= George Dorul Dumitrescu =

Romanian poet and columnist

George Dorul Dumitrescu (born Gheorghe Dumitrescu; February 14, 1901 or 1904-1985) was a Romanian prose writer and columnist.

Born in Ceptura, Prahova County, he attended high school in Bucharest from 1916 to 1925, and studied at the University of Bucharest's literature faculty, from which he obtained a degree in 1931. In 1933, he became a substitute teacher of Romanian at the military high school in Chișinău. In 1937, he began teaching at a trade school in Bucharest. He was later a civil servant within the "work and entertainment" section of the Labor Ministry.

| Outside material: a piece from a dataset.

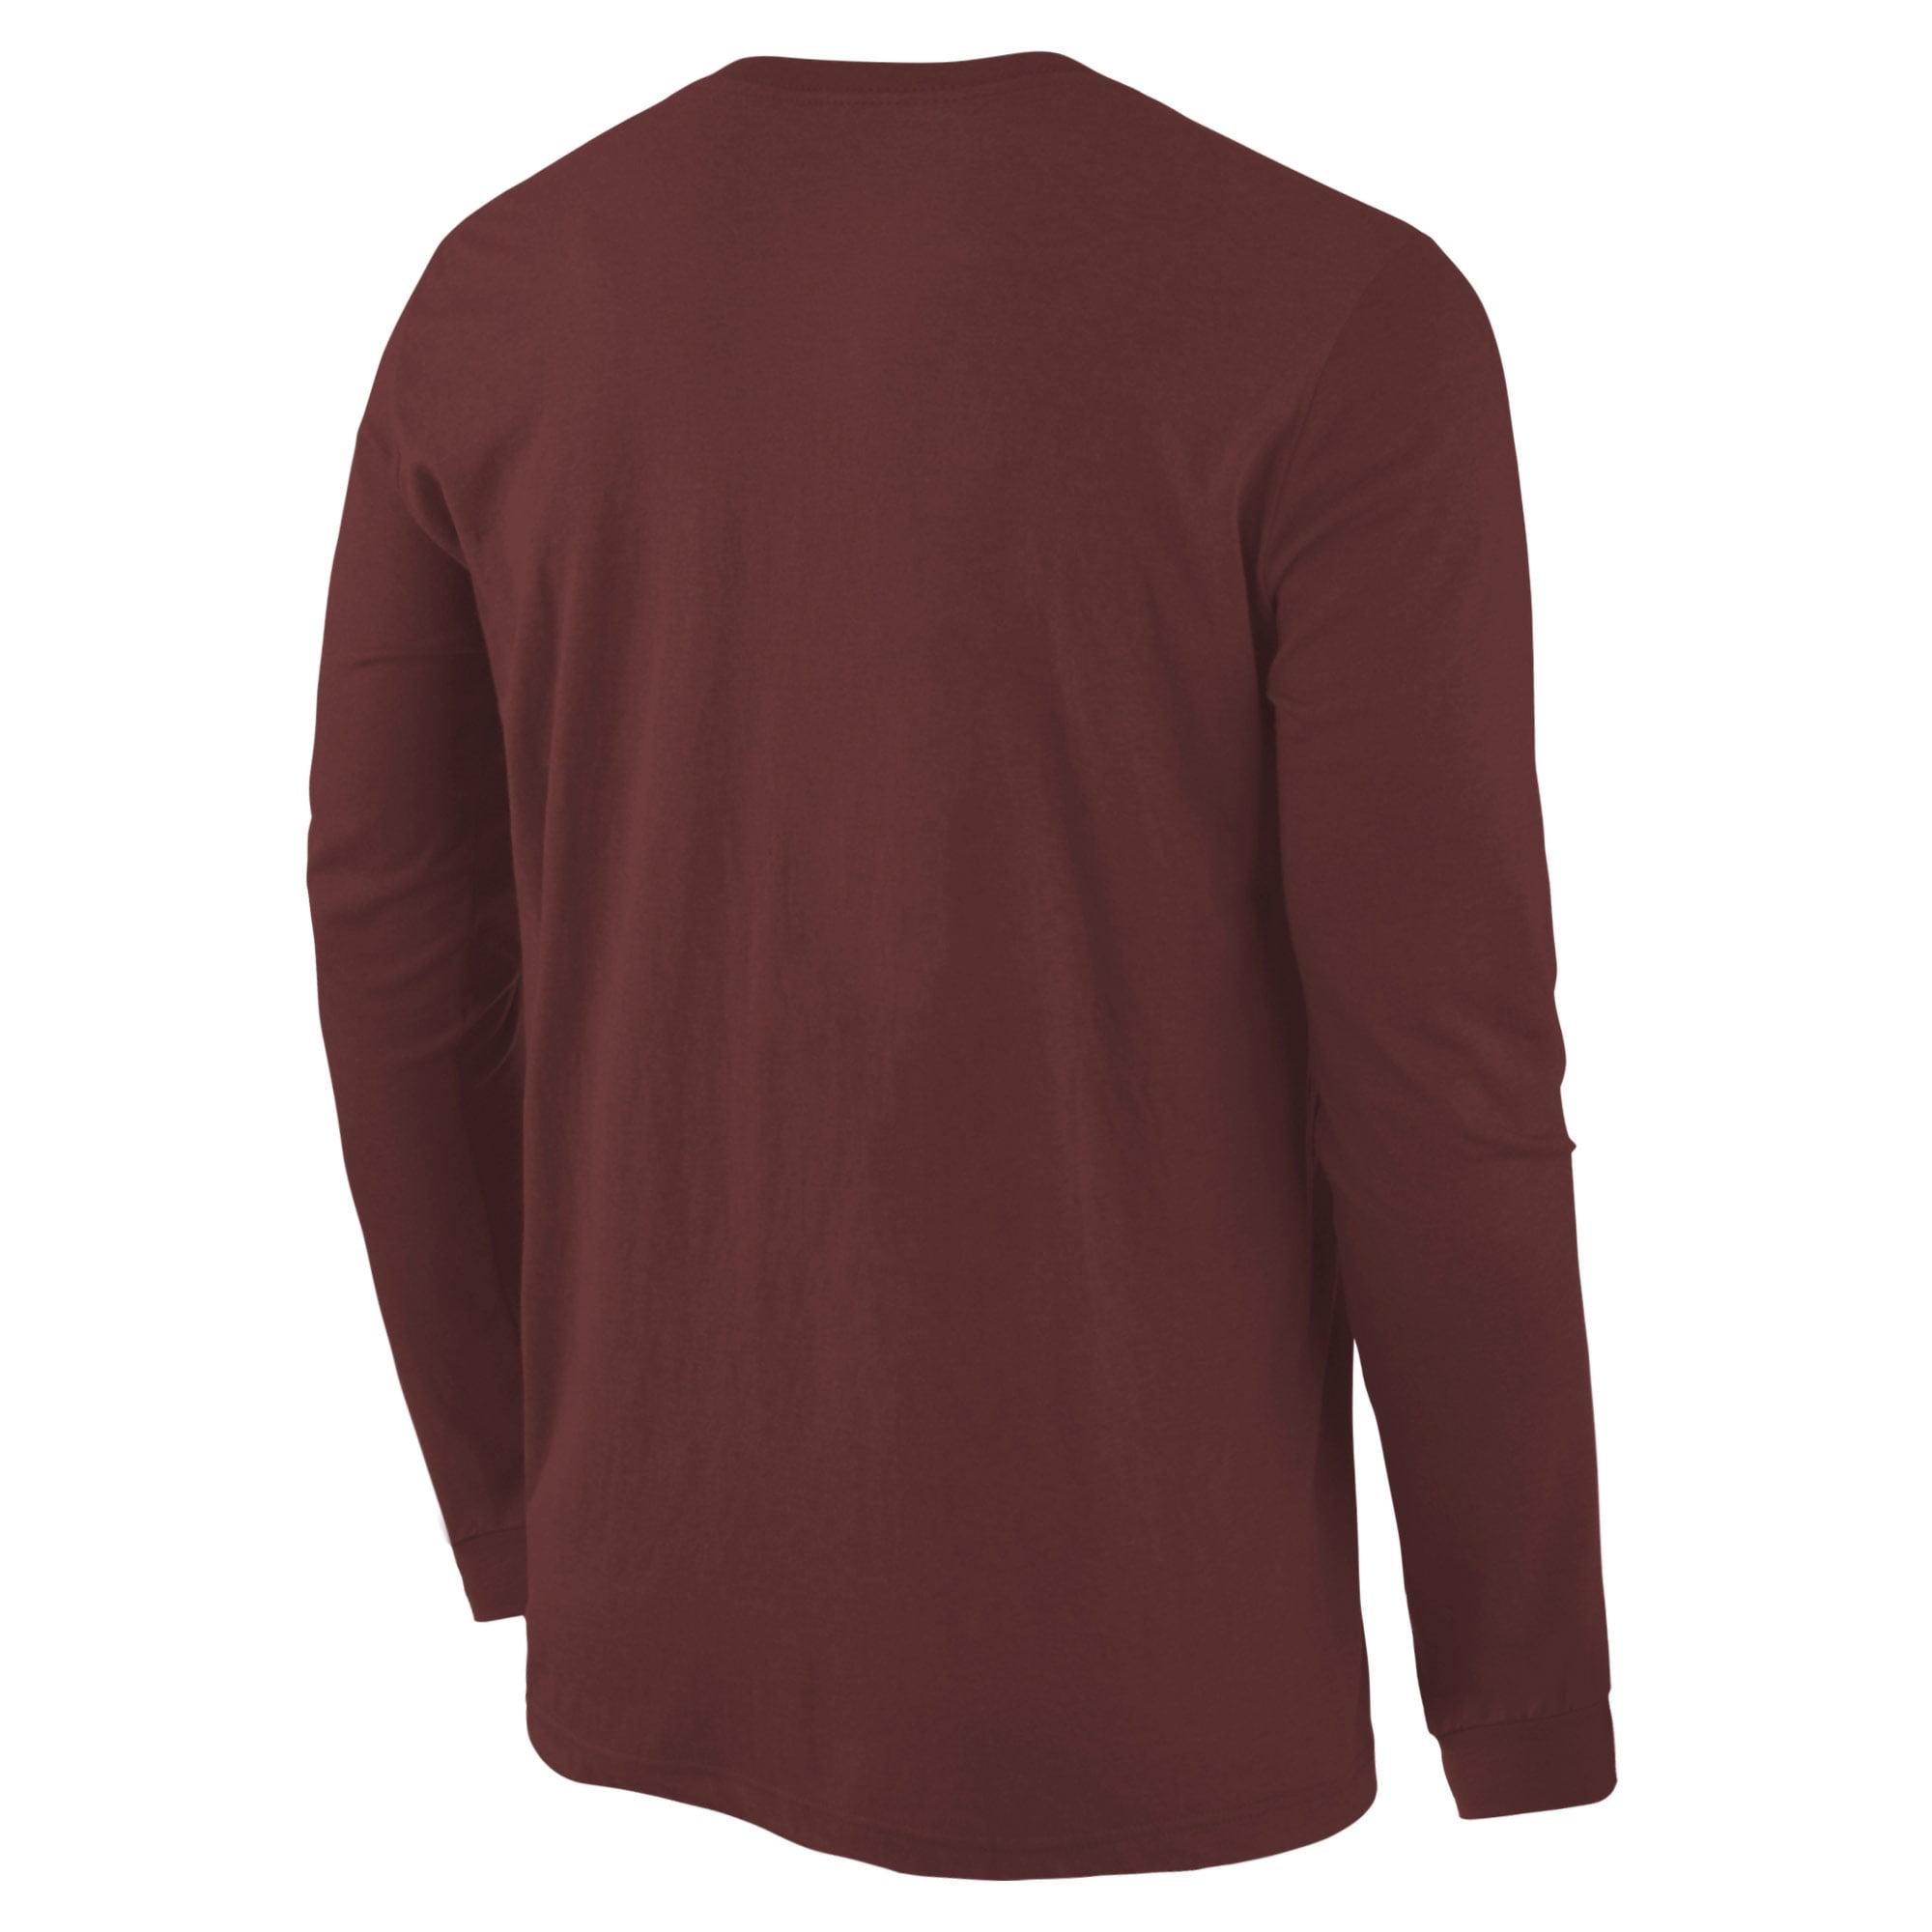 759e04bb07a Boston College Eagles Fanatics Branded Distressed Arch Over Logo Long  Sleeve Hit T-Shirt - Maroon - Walmart.com

Dumitrescu's first published work was prose that appeared in Universul literar in 1928. He co-edited Pagini basarabene and Veac nou magazines. His work appeared in Cele trei Crișuri, Universul literar, Neamul românesc literar, Brazde adânci, România nouă literară, Telegraful, Adevărul literar și artistic, Revista Fundațiilor Regale and Gândirea. In 1933, he published La fetița dulce, a book of tales, and he was awarded the Romanian Writers' Society prize the same year. The monograph Viața și opera lui Leon Donici came out in 1936. He died in Bucharest and was buried at Bellu cemetery.